The Rikugun Ki-93 was a prototype Japanese twin-engined fighter aircraft of the Second World War. Designed by the Army Aerotechnical Research Institute, to be a heavy fighter armed with large calibre cannon to serve in the anti-shipping or bomber destroyer roles, only one example of the Ki-93 was completed; this was damaged on its maiden flight, and destroyed by American bombing before it could be flown again.

Development and design
In mid 1941, a team was set up at the Japanese Army Aerotechnical Research Institute (or Rikugun Kokugijutsu Kenkyujo, known by the abbreviation Giken) to study advanced military aircraft. The team drew up preliminary designs for a twin-engined heavy fighter for the Imperial Japanese Army Air Service, to be powered by two Mitsubishi Ha-211 radial engines and estimated to reach a speed of 680 km/h (422 mph). In July 1942, the design, along with some of the team from Giken, was passed to the First Army Air Arsenal (Dai-Ichi Rikugun Kokusho or Kosho) at Tachikawa for further development. Here, the design was refined, with more powerful Mitsubishi Ha-214 radials substituted and a heavy cannon armament added.

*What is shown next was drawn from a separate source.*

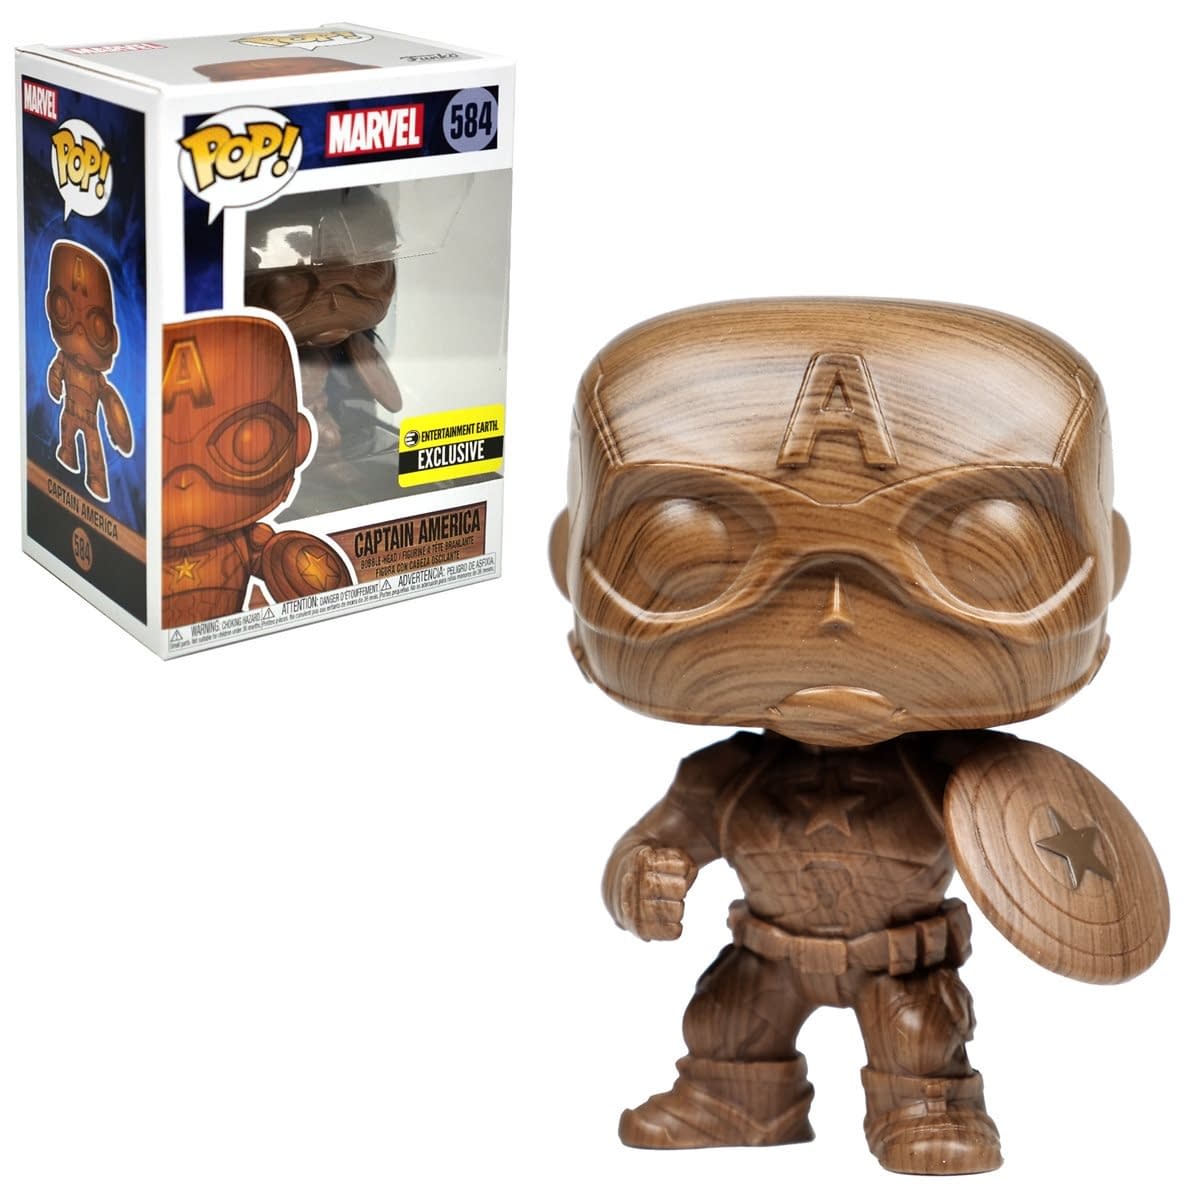 Captain America Gets Wooden in the New Funko Park

Approval to build prototypes of the new fighter, designated Ki-93, was given on 22 February 1943. The Ki-93 was a low-winged monoplane of all metal construction, with the crew of two sitting in tandem under a canopy at the front of the fuselage, and a ventral gondola slung under the fuselage to accommodate large cannons. The wing was of laminar flow section. Two variants were planned, the Ki-93-Ia bomber destroyer, armed with a 57 mm and two 20 mm cannon, and the Ki-93-Ib anti-shipping aircraft, which would have a 75 mm gun in the gondola and would also carry two 250 kg (550 lb) bombs.

The first prototype proved to be overweight, while the new engines gave much less power than expected, delivering only 1,970 hp compared with the expected 2,400 hp. The Ki-93 made its first flight on 8 April 1945 from Tachikawa airfield; a successful 20 minute test of its low-speed handling characteristics, piloted by Lt. Moriya of the Koku Shinsa-bu (Air Examination Department) with 2nd Lt. Ikebayashi in the second seat. Unfortunately, the pilot undershot the runway and touched down in soft soil, ground-looping the aircraft and tearing off the port undercarriage leg and engine mount, also bending the six-blade propeller. Repairs were completed in four weeks but, the night before the scheduled second test flight, a B-29 bombing raid on Tachikawa destroyed the hangar housing the aircraft.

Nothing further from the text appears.